• Work request:
Transcribe the listing underneath, keeping each word exact and omitting the images.
START Source material
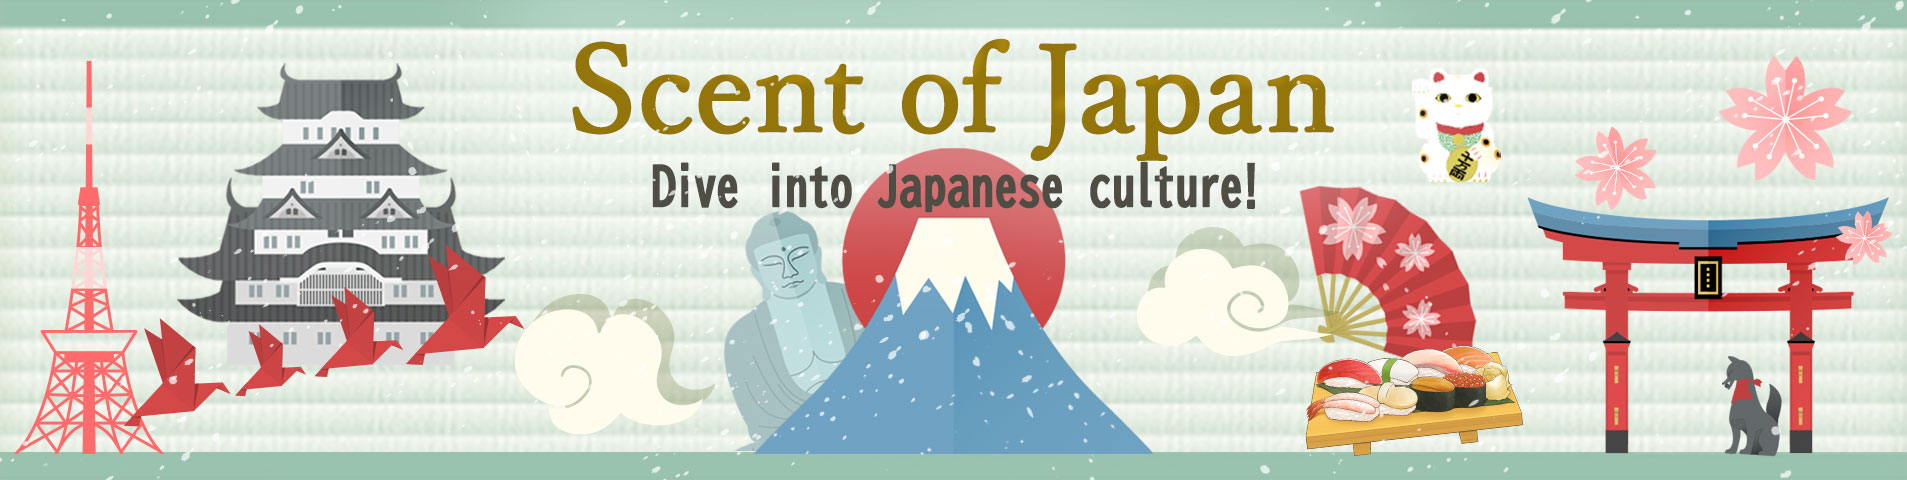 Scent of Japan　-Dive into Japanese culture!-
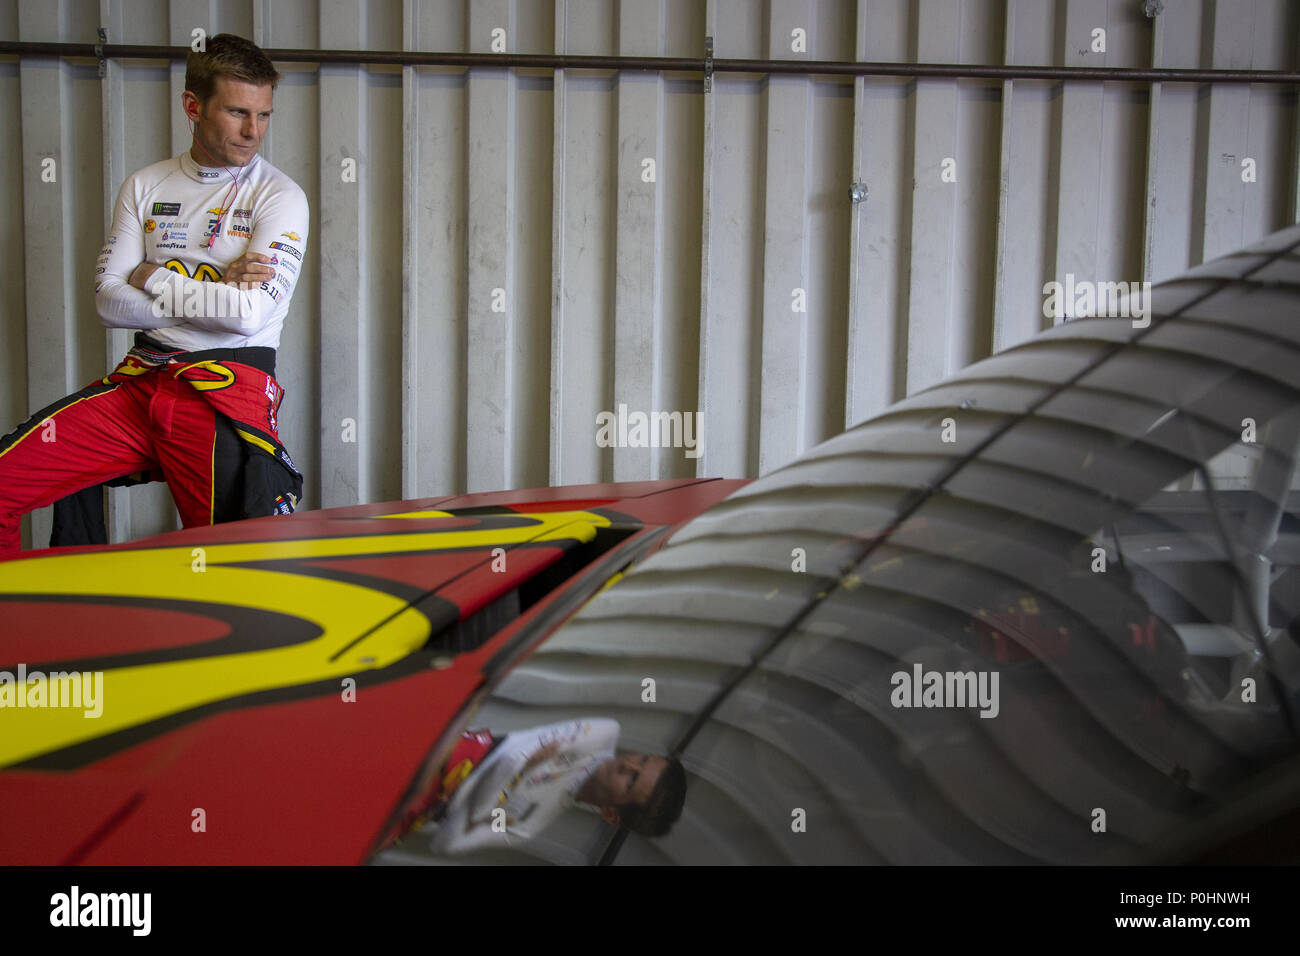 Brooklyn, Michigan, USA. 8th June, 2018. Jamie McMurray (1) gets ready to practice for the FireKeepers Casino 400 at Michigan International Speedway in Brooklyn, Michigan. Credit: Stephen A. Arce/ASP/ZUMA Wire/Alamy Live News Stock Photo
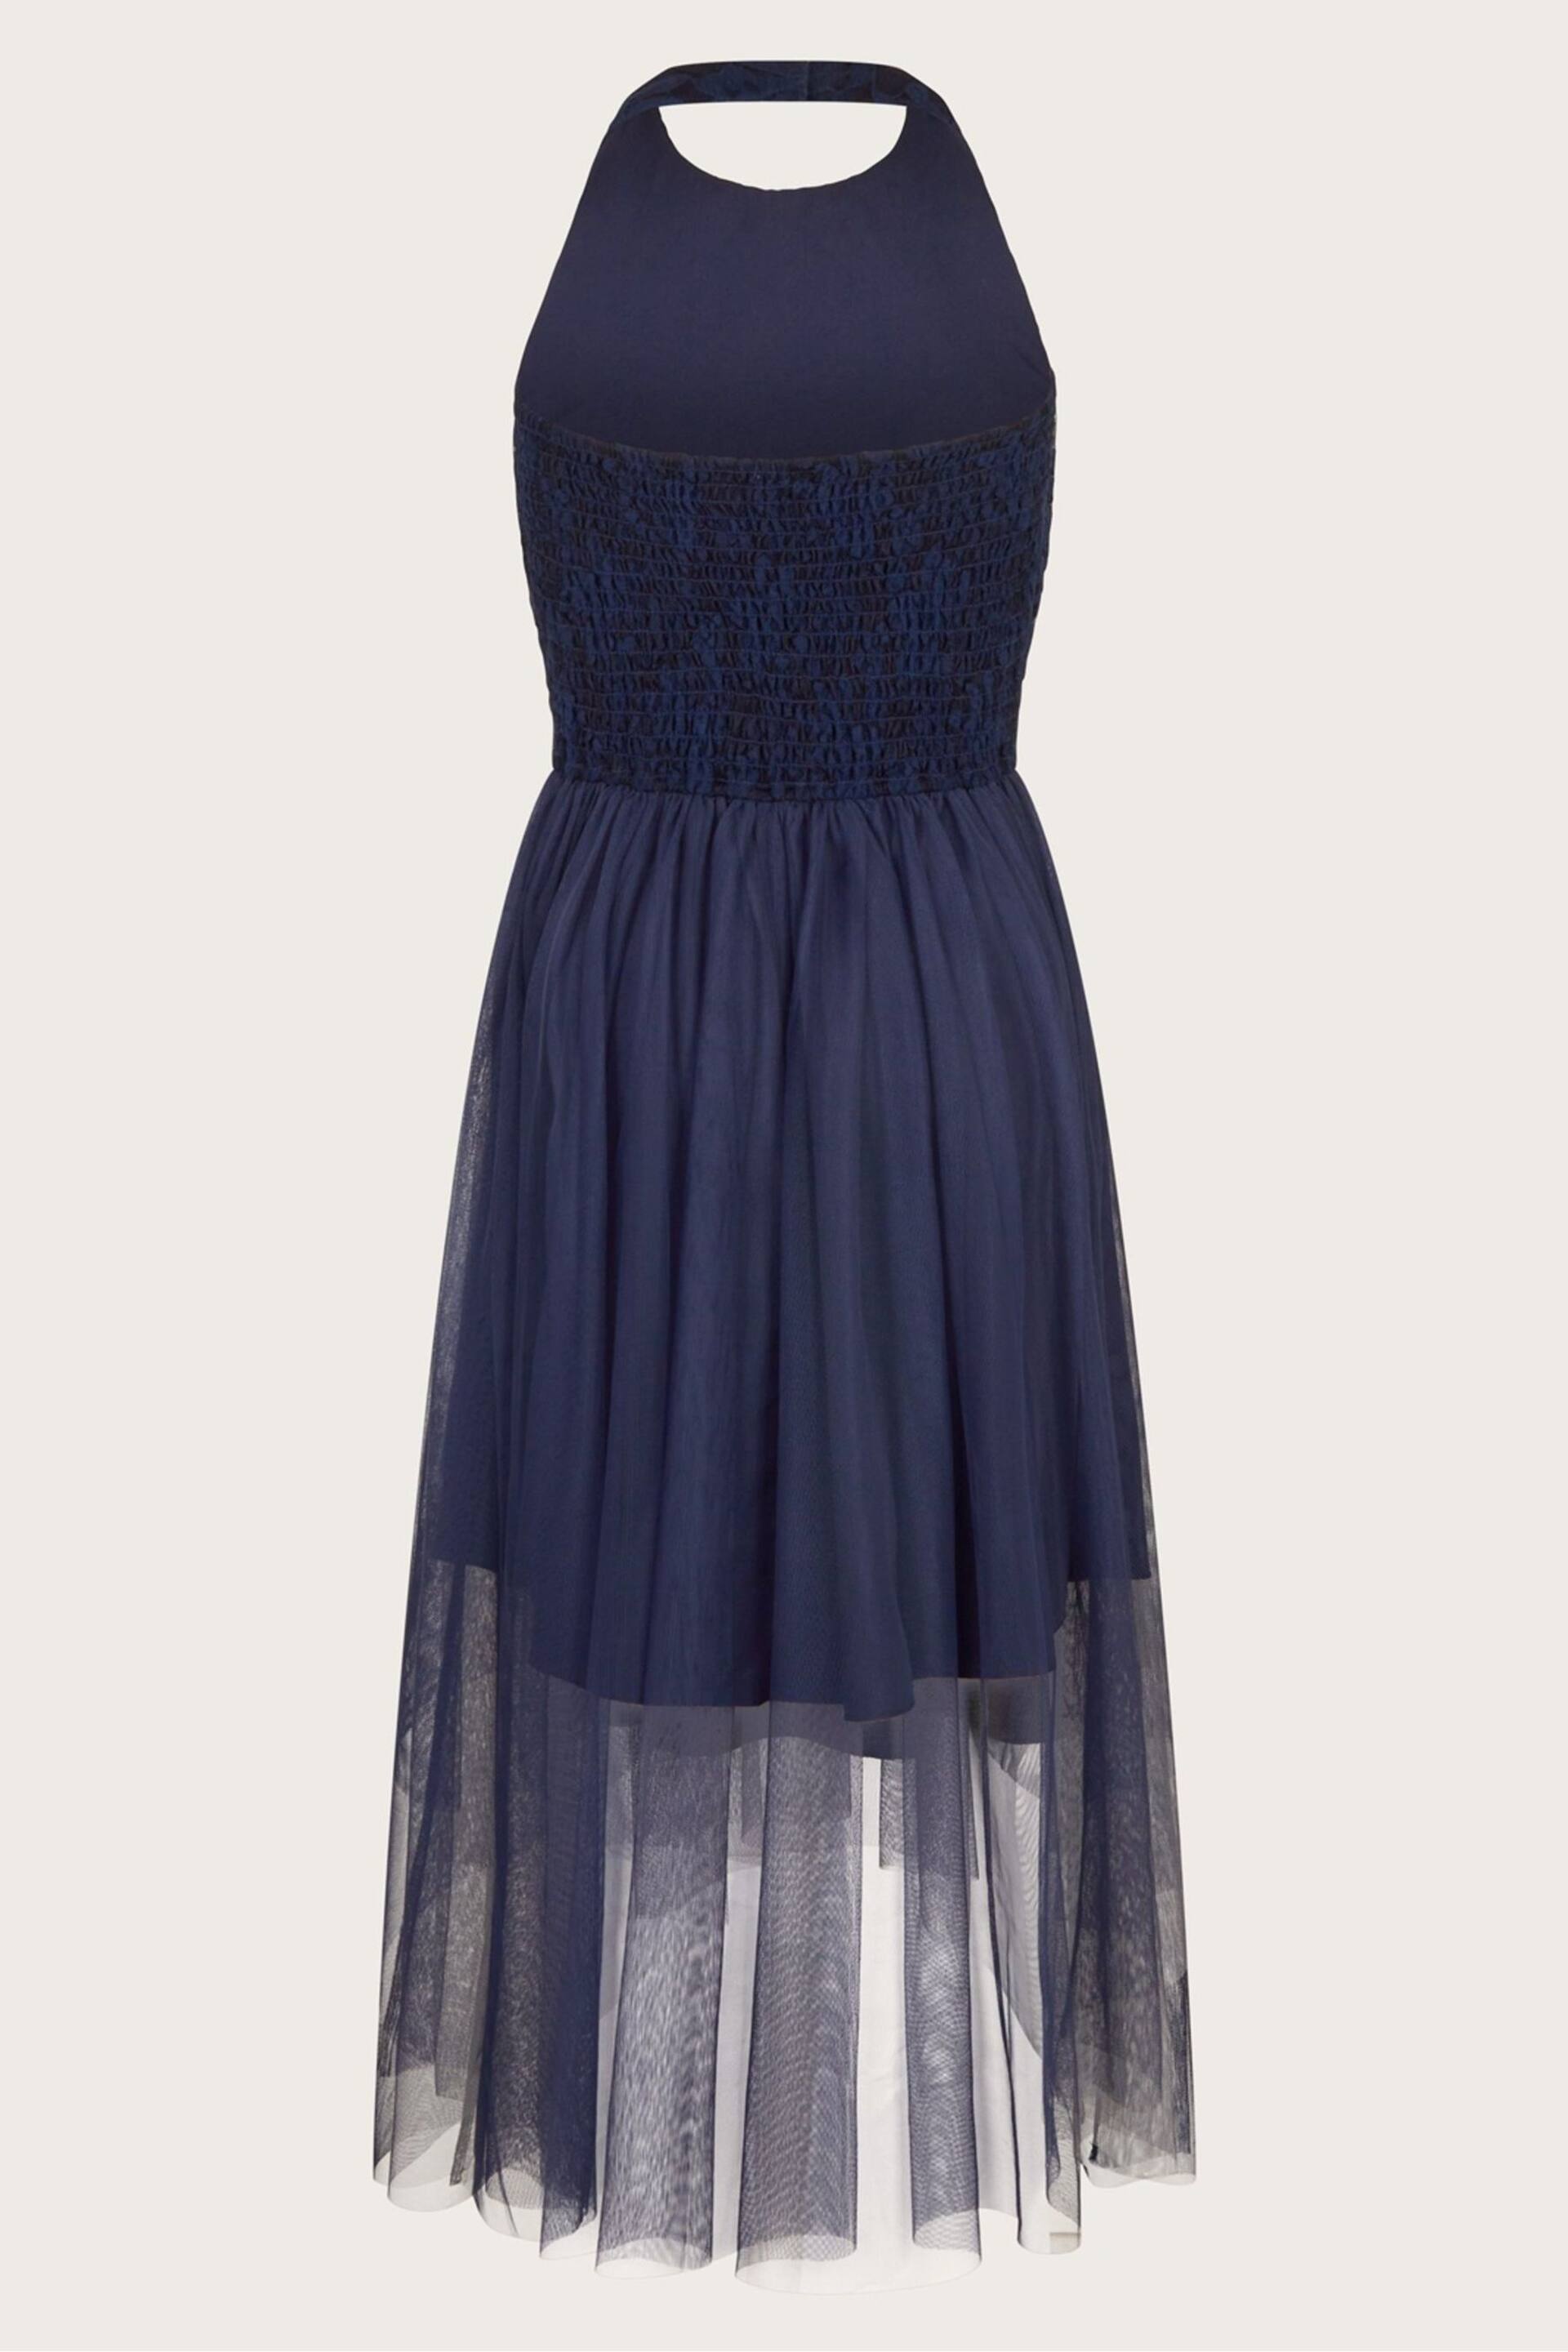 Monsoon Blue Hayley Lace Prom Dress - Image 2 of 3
END Source material
• Expected answer:
 Scent of Japan　-Dive into Japanese culture!-
 Brooklyn, Michigan, USA. 8th June, 2018. Jamie McMurray (1) gets ready to practice for the FireKeepers Casino 400 at Michigan International Speedway in Brooklyn, Michigan. Credit: Stephen A. Arce/ASP/ZUMA Wire/Alamy Live News Stock Photo
 Monsoon Blue Hayley Lace Prom Dress - Image 2 of 3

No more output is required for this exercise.